We pitted the two machines head-to-head in 10 key categories and see how they compare. To generate some accurate numbers and better represent the average age fleet out there, we’ll match specs between some a couple of older machines: a Cat 262B skid steer loader and a Cat 904B compact wheel loader. If you’d like to do a similar comparison yourself between machines you own or are considering, be sure to check out the most recent specs from manufacturers.
As a general rule the compact wheel loader will have 25 percent more bucket capacity and tipping load. That varies depending on the model. In this case we’re comparing a big skid steer with a small compact loader.
Advantage: compact wheel loader.
You’ll pay about 25 percent more for a compact wheel loader. But with dozens manufacturers of skid steer loaders, expect a wide range of prices.
Advantage: skid steer loader
Here is where it gets interesting. Fuel and tires are the two biggest operating costs for kid steer loaders. Compact wheel loaders, with their smaller engines use less fuel and their articulated front-end steering is easier on tires too.

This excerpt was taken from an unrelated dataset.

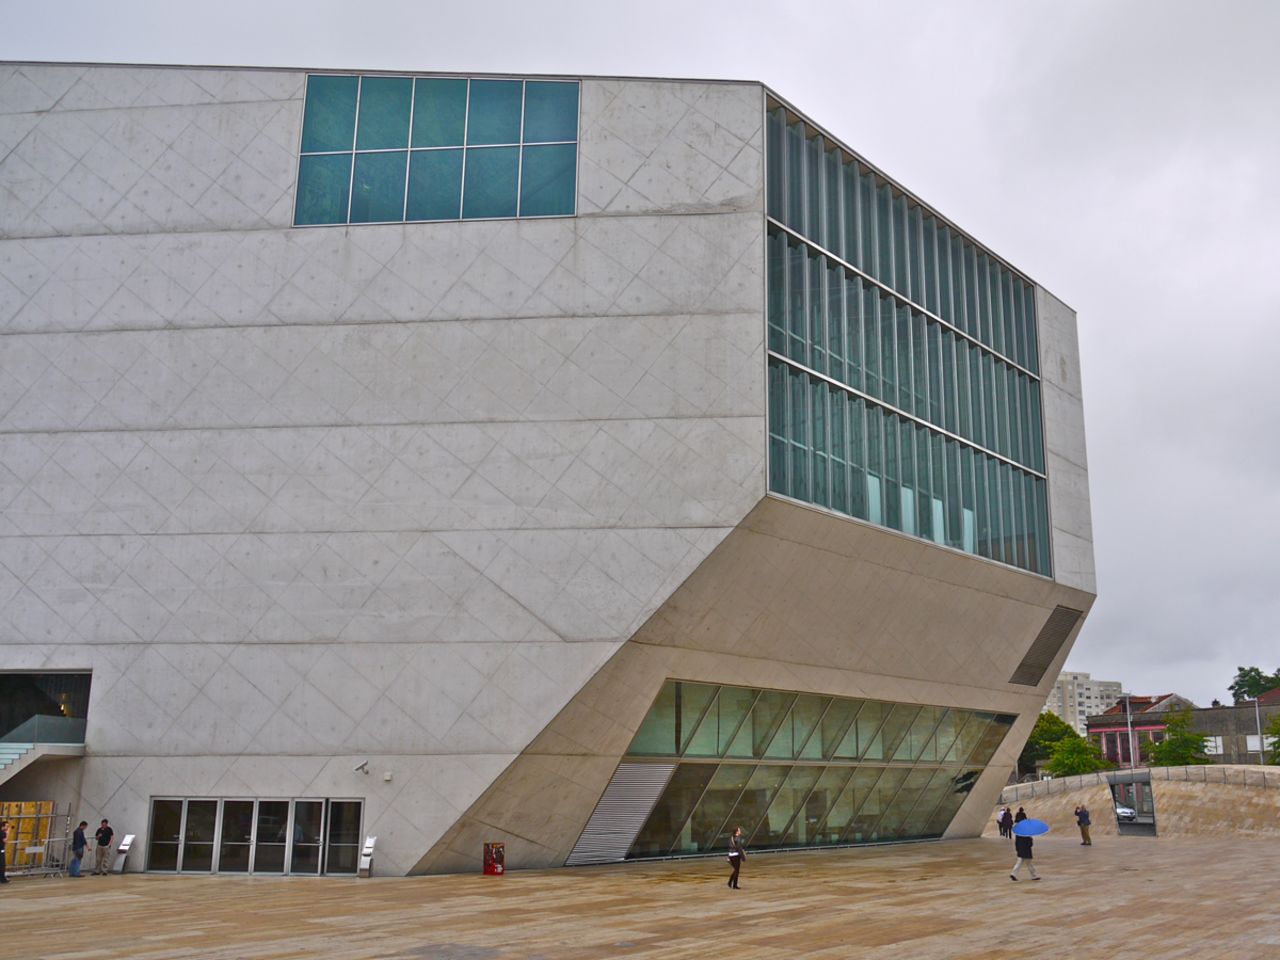 El primer concierto en la Casa da Música tuvo lugar un día antes de la inauguración oficial por el presidente portugués, el 15 de abril de 2005. El edificio es el hogar de la Orquesta Nacional de Oporto. Arquitecto: Office for Metropolitan Architecture.

Advantage: compact wheel loader
The compact wheel loader is a fast machine. The Equipment World Spec Guide shows most small loaders offer a travel speed of around 10 to 14 mph. Skid steers average about 7 to 10 mph. Compact loaders also articulate quickly and load faster than a skid steer.
Skid steers win this one hands down. The Cat 262 has 50 percent more horsepower than the 904B. The more ponies, the more hydraulic horsepower as well. But keep in mind the two machines use their power differently. The skid steer needs the extra horsepower to push itself around, counter-rotate and such. The compact loader transfers power to the ground more efficiently so it can use more power to carry loads, but the skid steer can load its bucket and raise it to the dump height with the engine at low throttle, and power high-demand hydraulic accessories.
Advantage: skid steer
Nothing can match the skid steer for maneuverability. It can counter-rotate in its tracks and the low cab height allows it under structures with low clearances.
Vertical lift path skid steers have a hinge pin that’s higher off the ground than comparable compact wheel loaders, so you can dump a bit higher. But compact wheel loaders sit a bit higher, which improves visibility when dumping and when using forks to load materials through second-story openings or over walls.